Goodsall: He definitely did, and I’m told that Brand X was the first record he ever sang a lead vocal on [Note: Not quite but close — He sang one Genesis vocal in the Peter Gabriel era]. We got Phil in drums because Genesis had a year and a half off, he had eighteen months with nothing to do. Then Phil went back to the disco scene and we had to get a real drummer (laughs). What was funny was that when we recorded the Livestock album (after Collins’ departure) at the Hammersmith Odeon in London, we’re playing the song “Nightmare Patrol” and suddenly this little guy in dungarees comes on sweeping the stage — and nobody knew it was Phil Collins. I think he was making a statement, “Look, they’ve relegated me to a janitor.” I actually have a friend now who looks a lot like Phil. We’re thinking of bringing him on so everyone will think it’s him.
AF: I always loved Brand X’s song titles.
Goodsall: Yeah, and we’re thinking now that we should give “Isis Mourning” a different title so it will be more PC [the 1978 track was mythically-inspired]. But you know, we haven’t even named the fucking band yet. Brand X was just something (flautist and short-time member) Danny Wilding wrote on the logs so they’d know we were in the studio. So this might be the year we come up with a name. We just don’t want to offend any more people. I’m thinking “The Embarrassing Midgets” has a good ring to it.

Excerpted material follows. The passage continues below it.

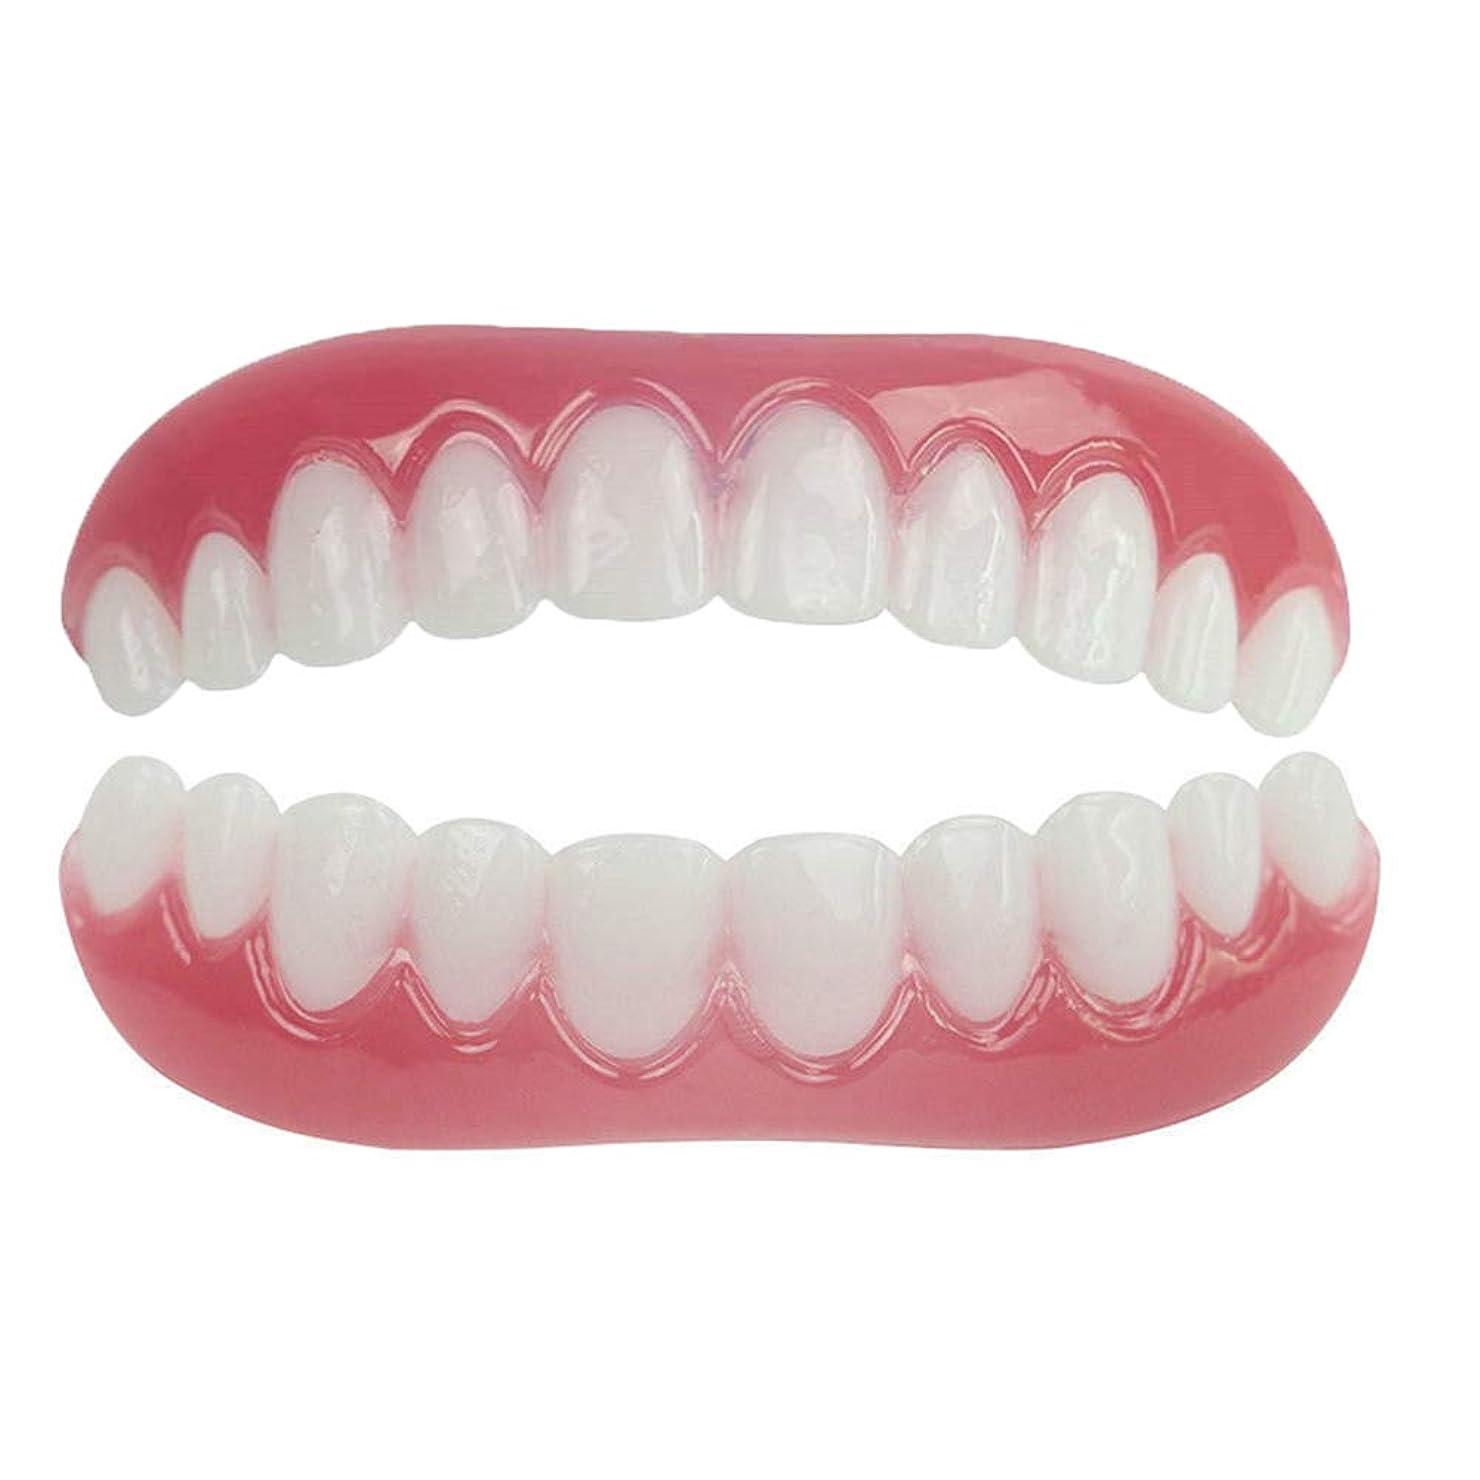 等価エキサイティング耐えられるシリコンシミュレーションの上下の義歯スリーブ、歯科用ベニヤホワイトニングティーセット(2セット),Boxed,UpperLower

Brett Milano has been covering music in Boston for decades, and is the author of Vinyl Junkies: Adventures in Record Collecting (St. Martins, 2001) and The Sound of Our Town: A History of Boston Rock & Roll (Commonwealth Editions, 2007). He recently returned from New Orleans where he was editor of the music and culture magazine OffBeat. His latest book is Don’t All Thank Me At Once (125 Records), a biography of the unsung pop genius Scott Miller, who led the bands Game Theory and The Loud Family.